JabroniBeater805 said:


> CSL posted on Instagram that schedules will be out tomorrow


Which really means two more weeks.


----------



## timbuck (Aug 22, 2019)

pewpew said:


> Which really means two more weeks.


That would be SCDSL.


----------



## 1dad2boys (Aug 23, 2019)

I am as shocked as you but the schedules are up.

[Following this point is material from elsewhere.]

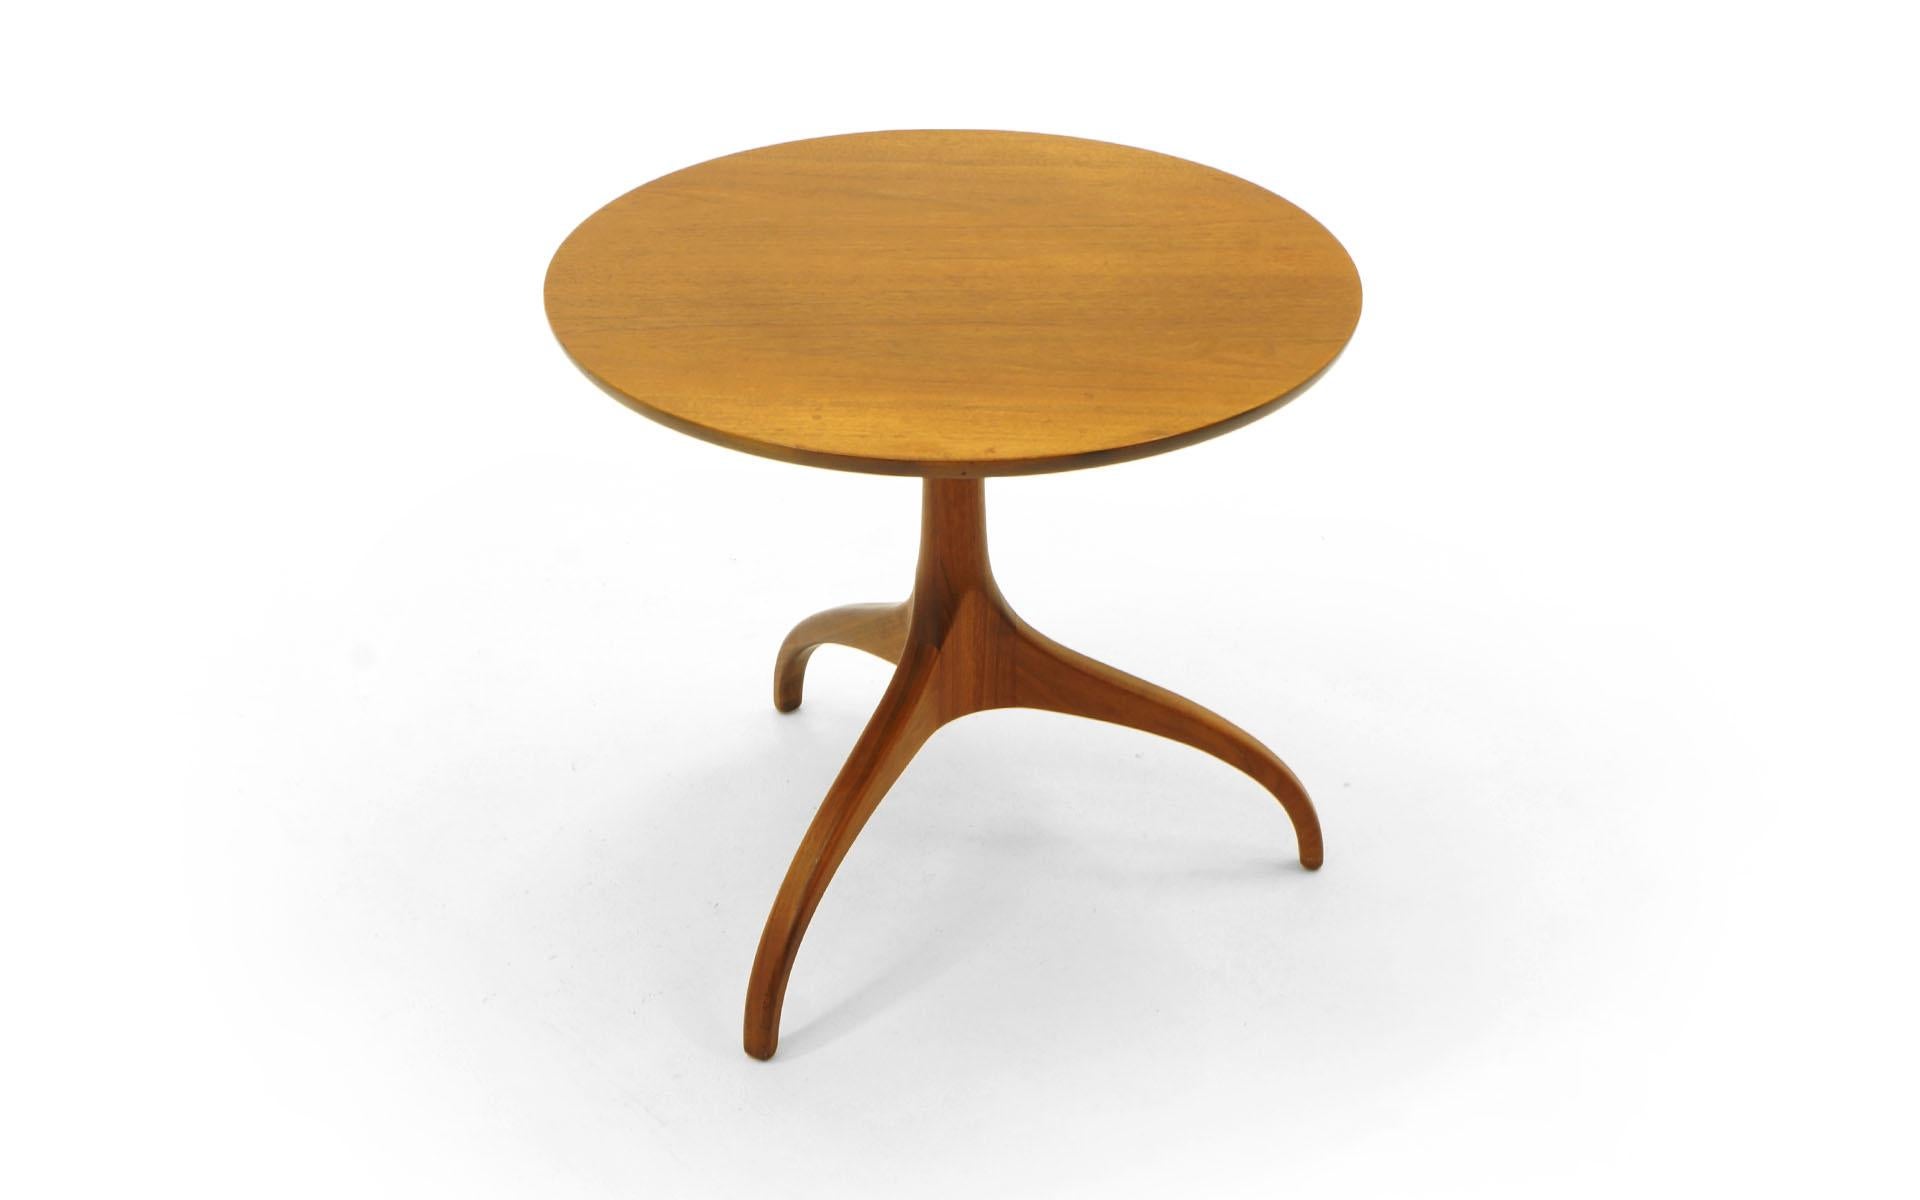 Sculptural round end / occasional table by Henredon, 1950s. Excellent condition. Retains original label from Colby and Son's Furniture Store, Chicago.

Good luck everyone!


----------



## socalkdg (Aug 23, 2019)

Why is it when you need to travel 90 minutes to a game they give you an 8 am start.


----------



## JabroniBeater805 (Aug 23, 2019)

socalkdg said:


> Why is it when you need to travel 90 minutes to a game they give you an 8 am start.


For 7/8 year old girls


----------



## tabletop (Aug 23, 2019)

socalkdg said:


> Why is it when you need to travel 90 minutes to a game they give you an 8 am start.


It got me wondering just how bad can a drive get?  I am sure someone can find a tougher drive but how about this one?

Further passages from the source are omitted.